**Your instructions**
The data below should be printed in full, exactly, and without any of its images.

**Information provided**
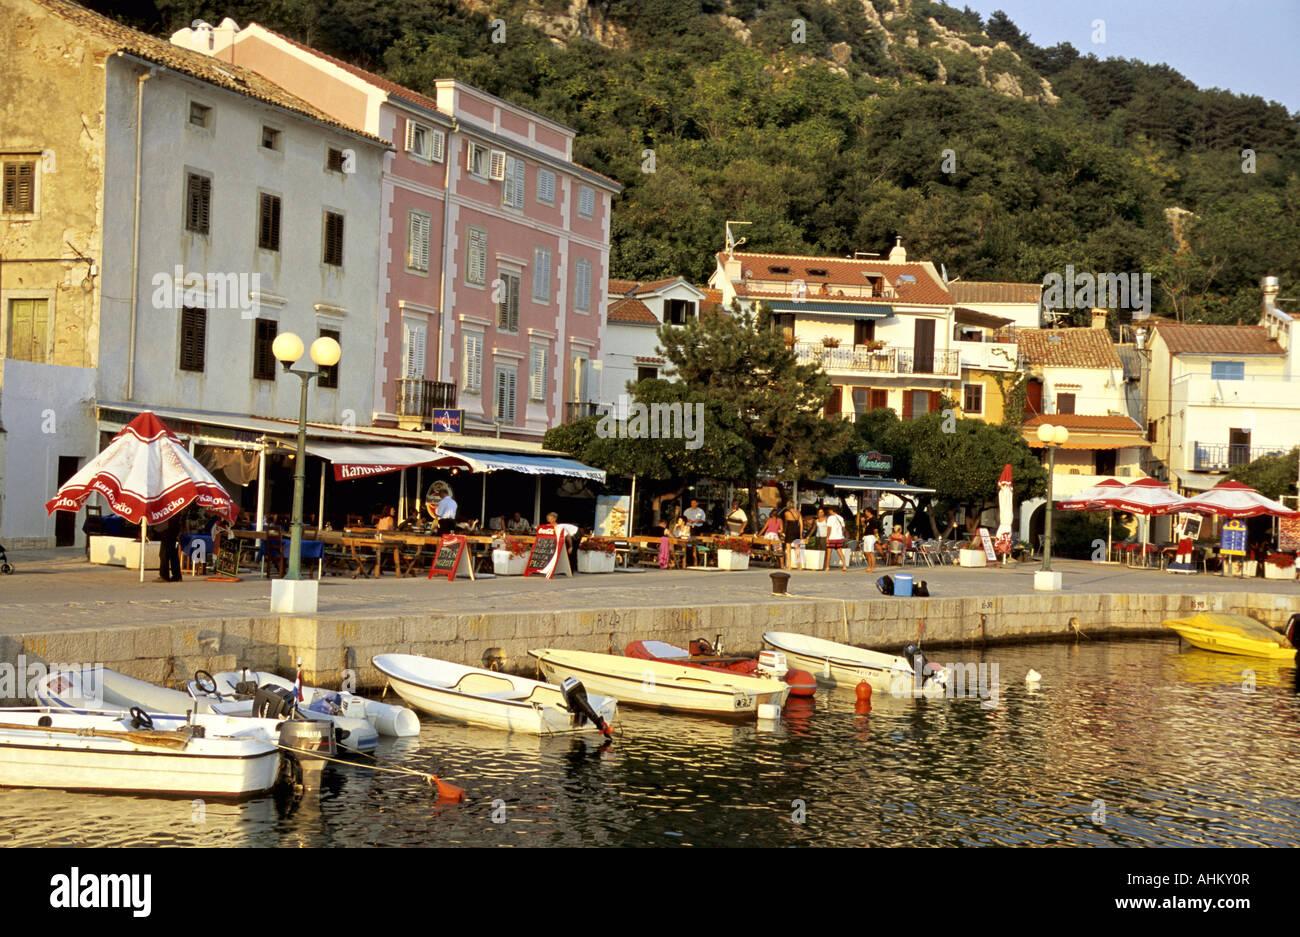 HRV Kroatien Krk  Altstadt und Promenade von Baska Insel KrK Croatia  Old Town and Promenade of Baska Island Stock Photo
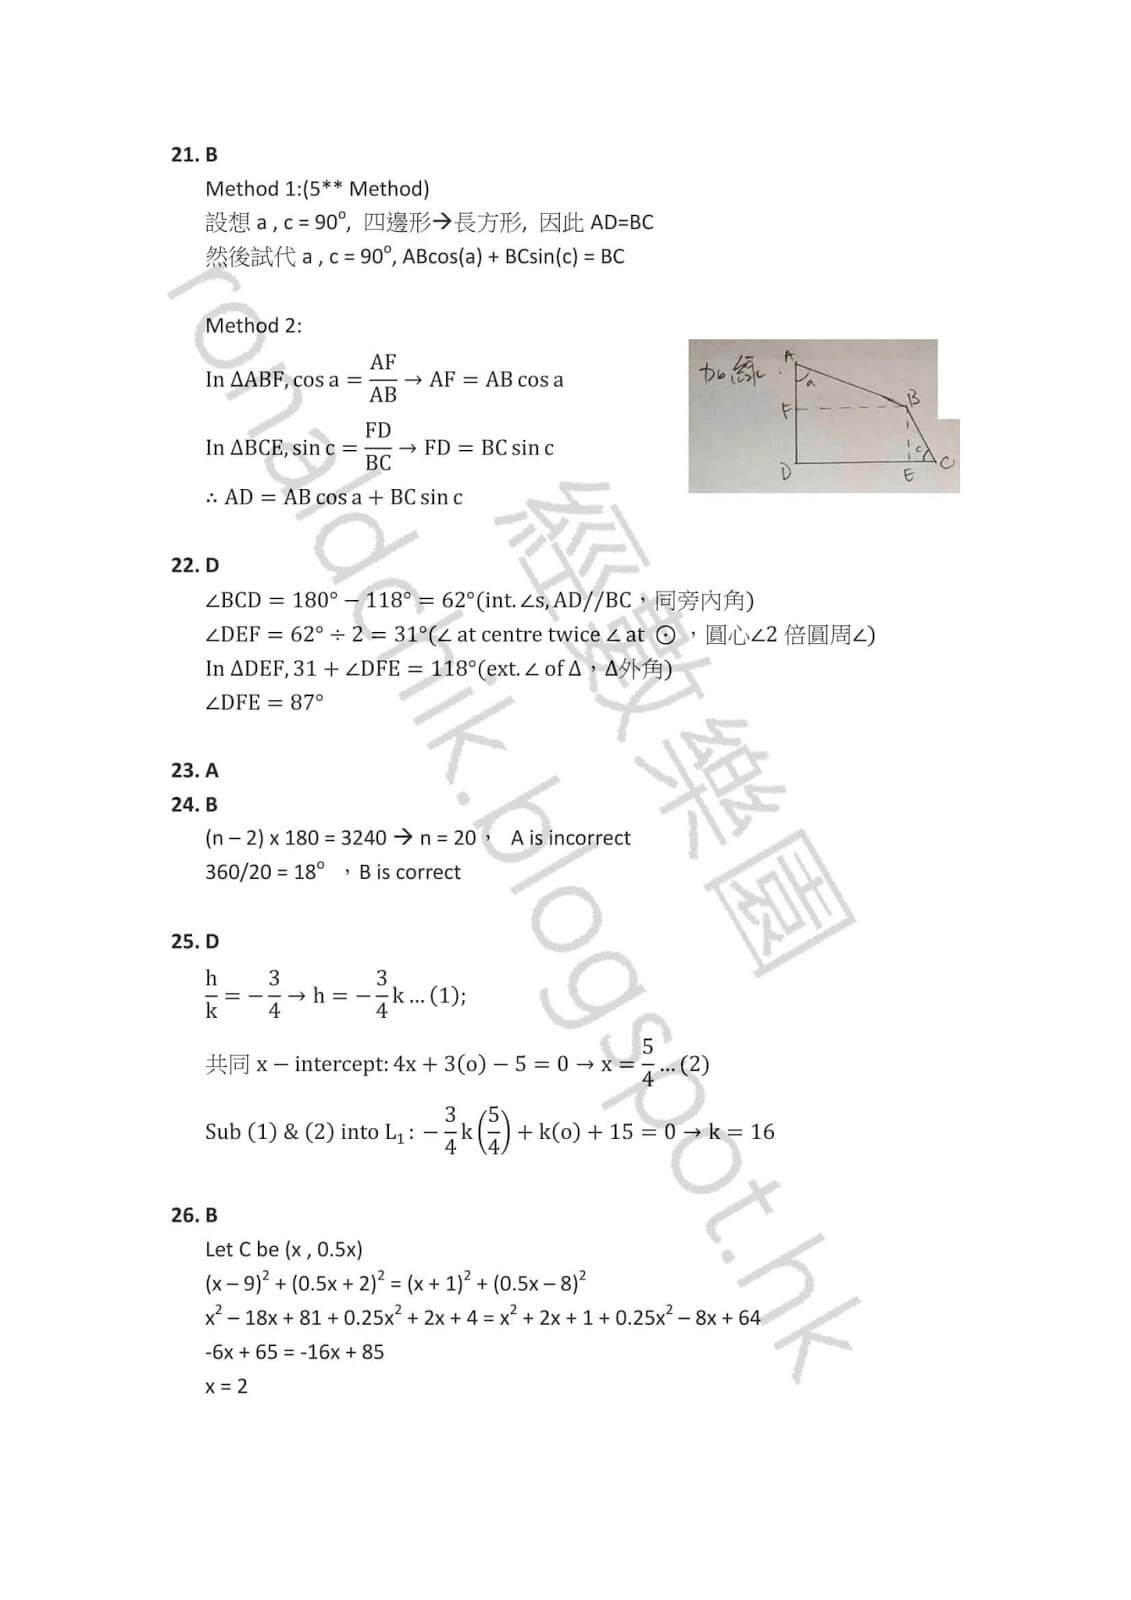 2016 DSE 數學卷二 mc Math Paper 2 詳細答案連解釋 Part 2 (Q.21-45) - 經數樂園-學習變有趣~ |||[補習(小組|私人)]
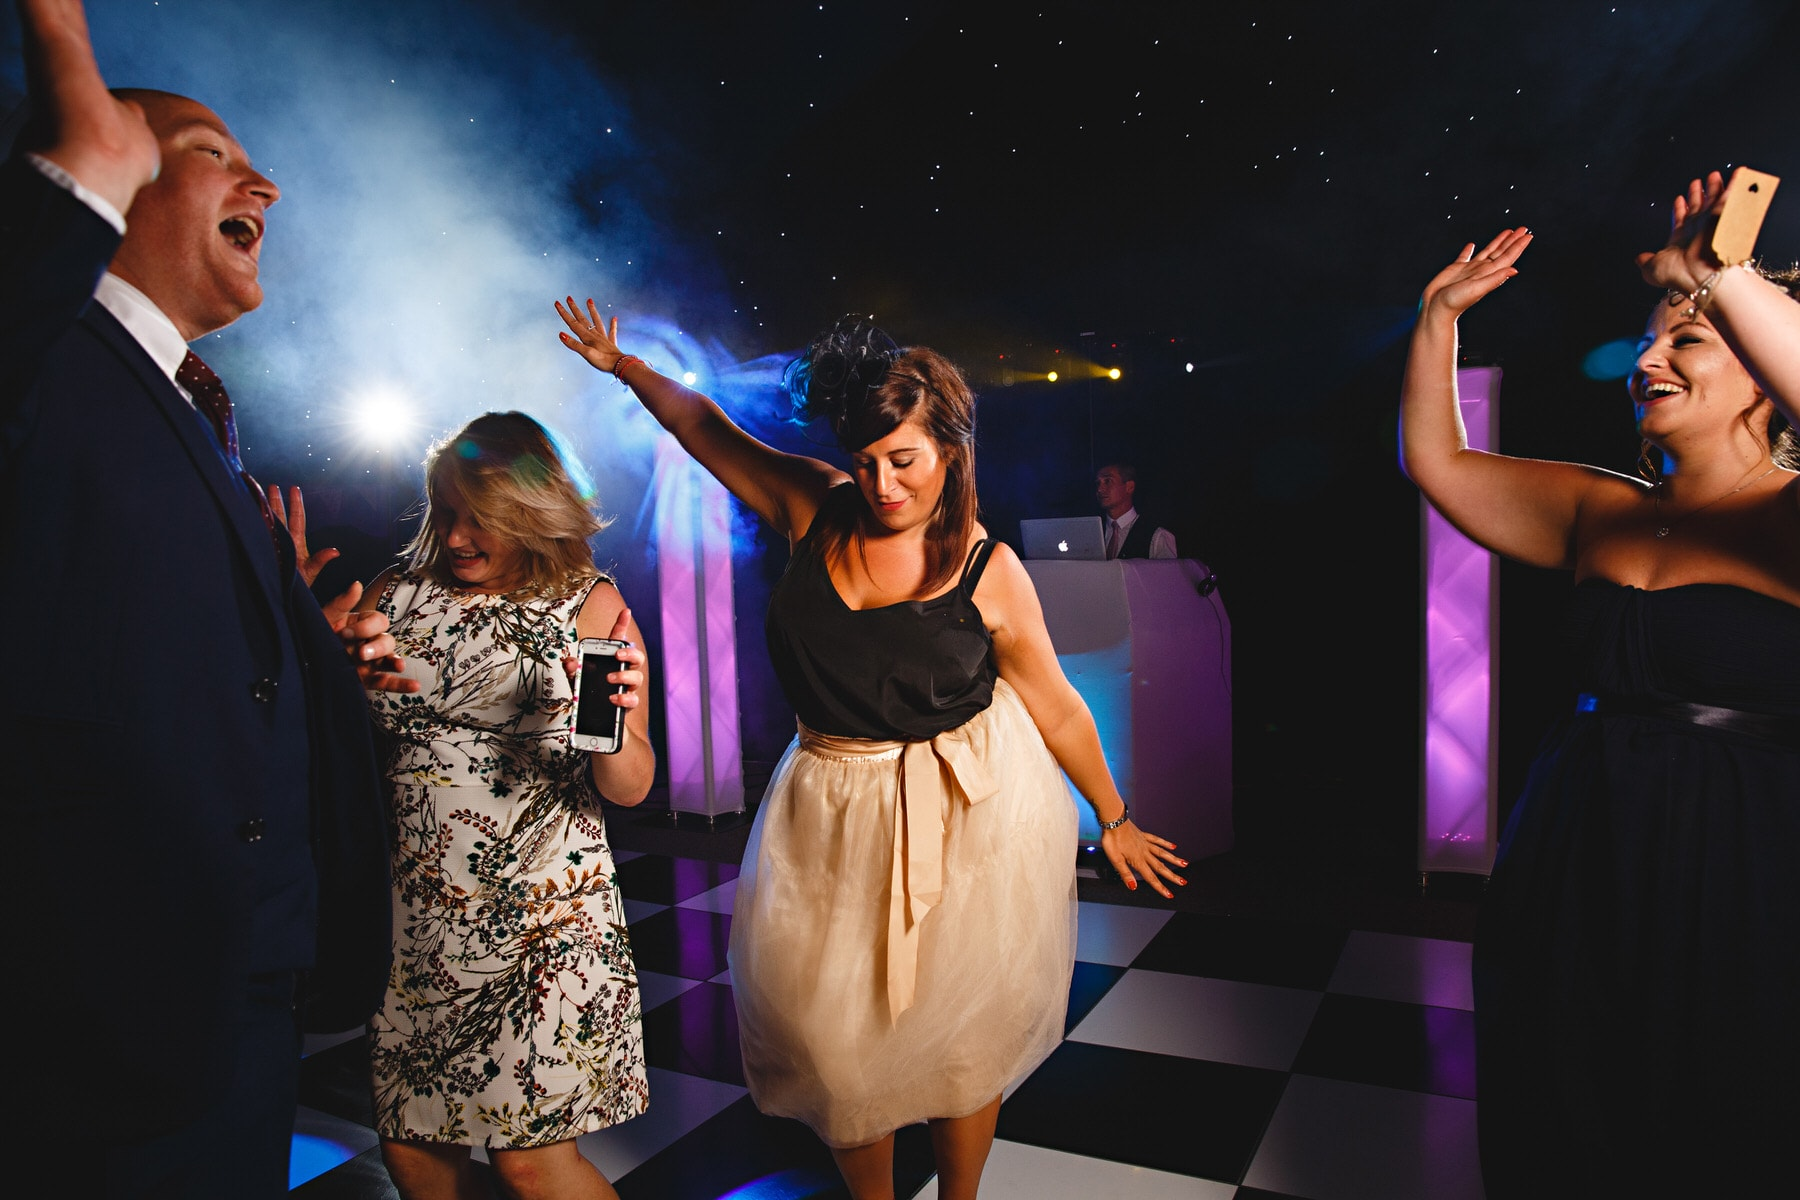 wedding guests dancing Osmaston Park in Derbyshire
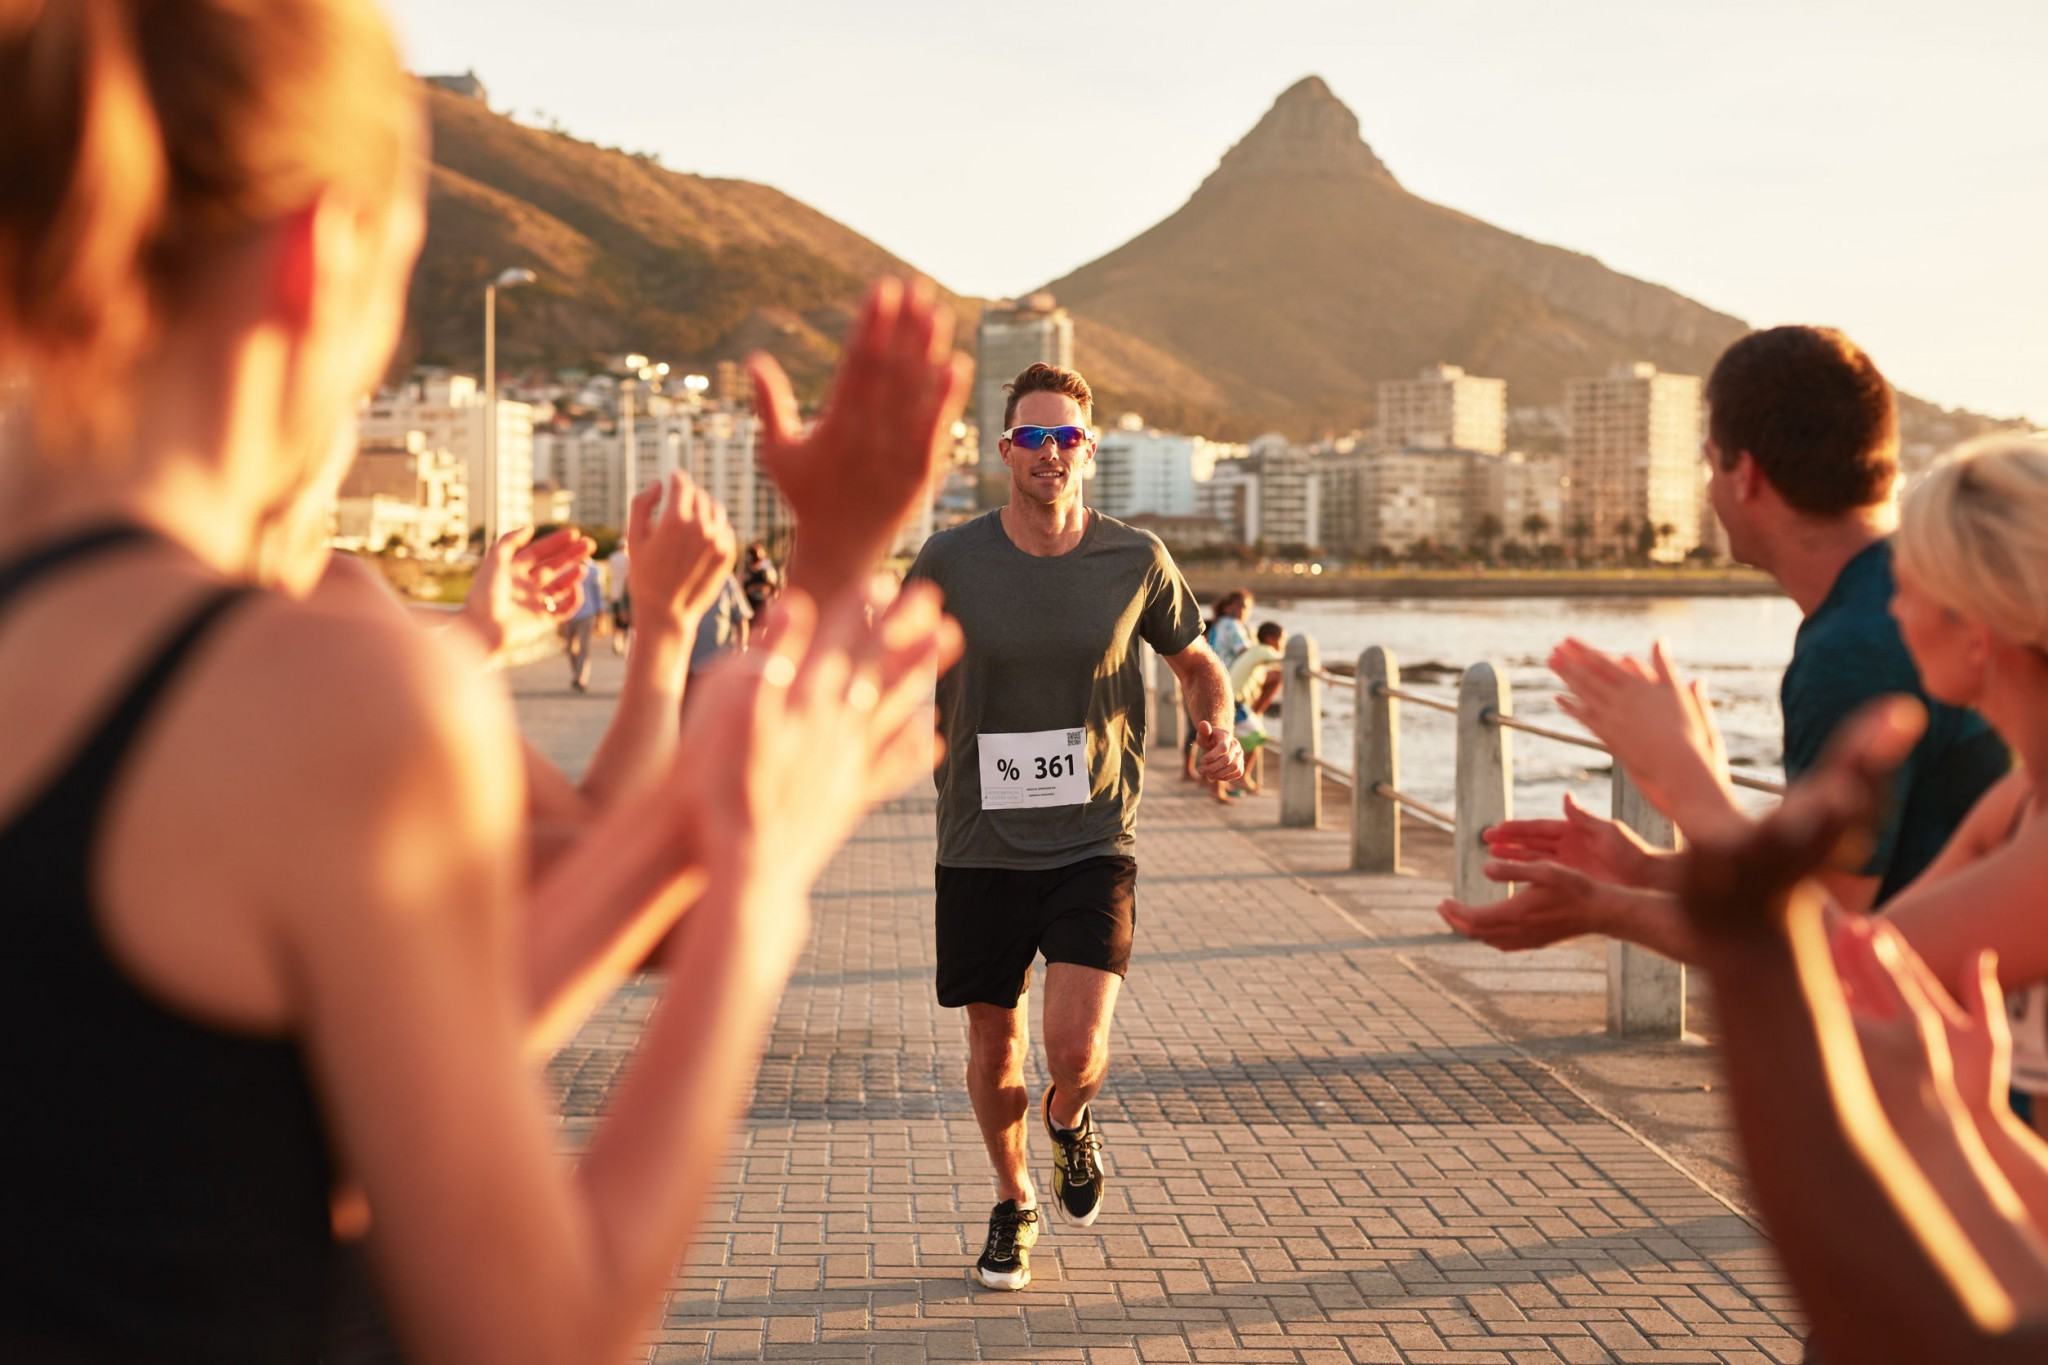 runner approaching finish line

**Answer for this exercise**
 HRV Kroatien Krk  Altstadt und Promenade von Baska Insel KrK Croatia  Old Town and Promenade of Baska Island Stock Photo
 2016 DSE 數學卷二 mc Math Paper 2 詳細答案連解釋 Part 2 (Q.21-45) - 經數樂園-學習變有趣~ |||[補習(小組|私人)]
 wedding guests dancing Osmaston Park in Derbyshire
 runner approaching finish line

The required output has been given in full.